The colonial era building where now sits the Hong Kong Court of Final Appeal.  Formally opened in 1912, it was built with granite in the neo-classical style and between 1985-2011 was the seat of the Legislative Council (LegCo).

However, in 2020, a “National Security Law” (technically the Law of the People's Republic of China on Safeguarding National Security in the Hong Kong Special Administrative Region and thus usually written in English as the “NSL”) was imposed.  While not aimed at the regulation of business or economic matters, it was wide in its scope and claims of application (the extraterritoriality extending worldwide), essentially extending to the territory many of the laws of the mainland regarding “political activities” and matters of “free speech”, the latter widely interpreted by the CCP.  Citing the “political situation”, two British judges in June 2024 resigned from the HKCFA, prompted by Beijing’s recent crackdown on dissent in the city, something made possible by the NSL.  In his published letter, one judge, his rationale for departure notwithstanding, did say he continued “…to have full confidence in the court and the total independence of its members.”  As early as 2020, one Australian judge had already resigned, followed by two others from the UK, both saying the Hong Kong government had “…departed from values of political freedom and freedom of expression.”  The CCP may have anticipated some objection from the overseas judges because, since the passage of the NSL, no overseas judge has been allocated to hear the “security-related” cases.  The judicial disquiet seemed not to trouble the territory’s chief executive, former police officer John Lee (Ka-chiu) (b 1957) who said the overseas appointments would continue to help “…maintain confidence in the judicial system and… strong ties with other common law jurisdictions.”  In response to the departing judge’s comment, he claimed the NSL had “no effect” on judicial independence and the only difference was that “…national security is now better safeguarded.
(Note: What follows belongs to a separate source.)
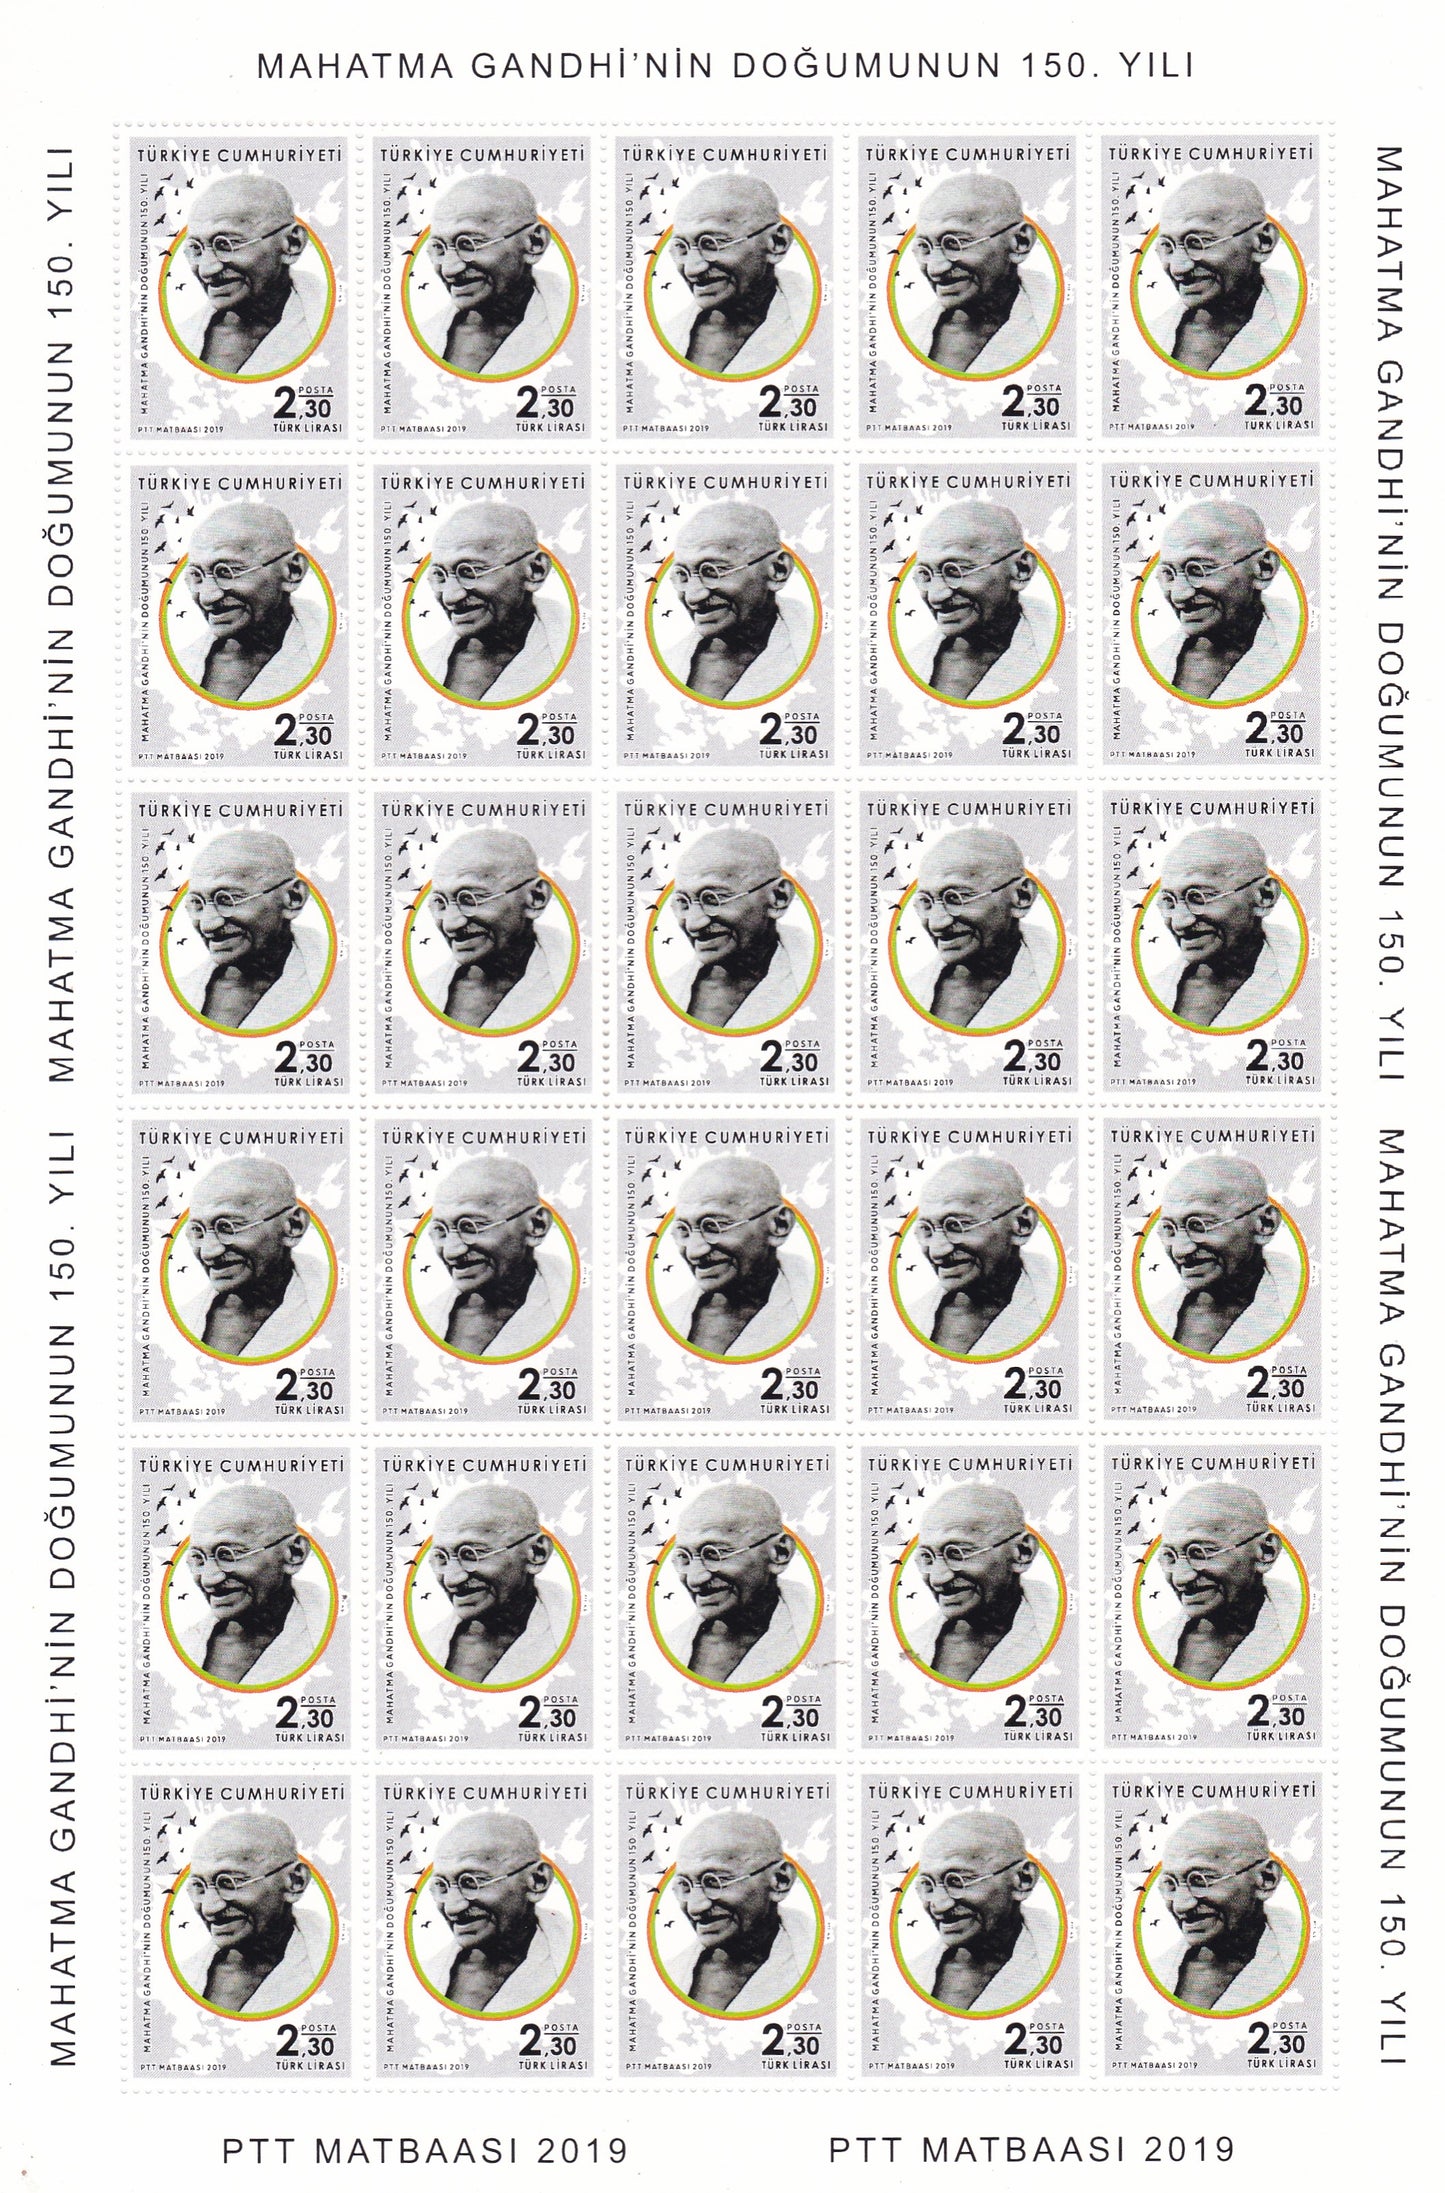 Turkey-Gandhi 2019 Full unfolded sheet of 30 stamps.
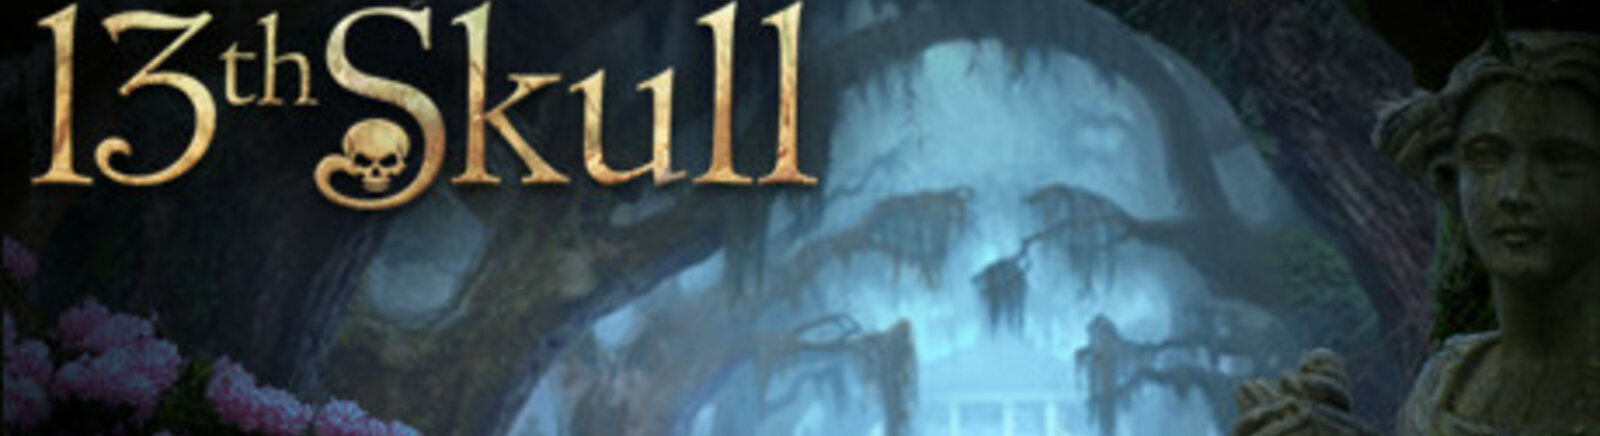 Дата выхода Mystery Case Files: 13th Skull  на PC, Mac и iPad в России и во всем мире

Early in June, the Hong Kong authorities arrested two men and one woman attending a FIFA World Cup qualification match against Iran, their offence being “turning their backs to the pitch and not standing during the performance of the national anthem”, a police spokesman adding that anybody “…who publicly and intentionally insults the national anthem in any way in committing a crime.”  Before the NSL was imposed, bolshie Hongkongers were known to boo the anthem to express discontent with their rulers; that definitely will no longer be tolerated.  The match ended Iran 4: Hong Kong 2 but despite that, more than ever the HKSAR and the Islamic Republic have much in common.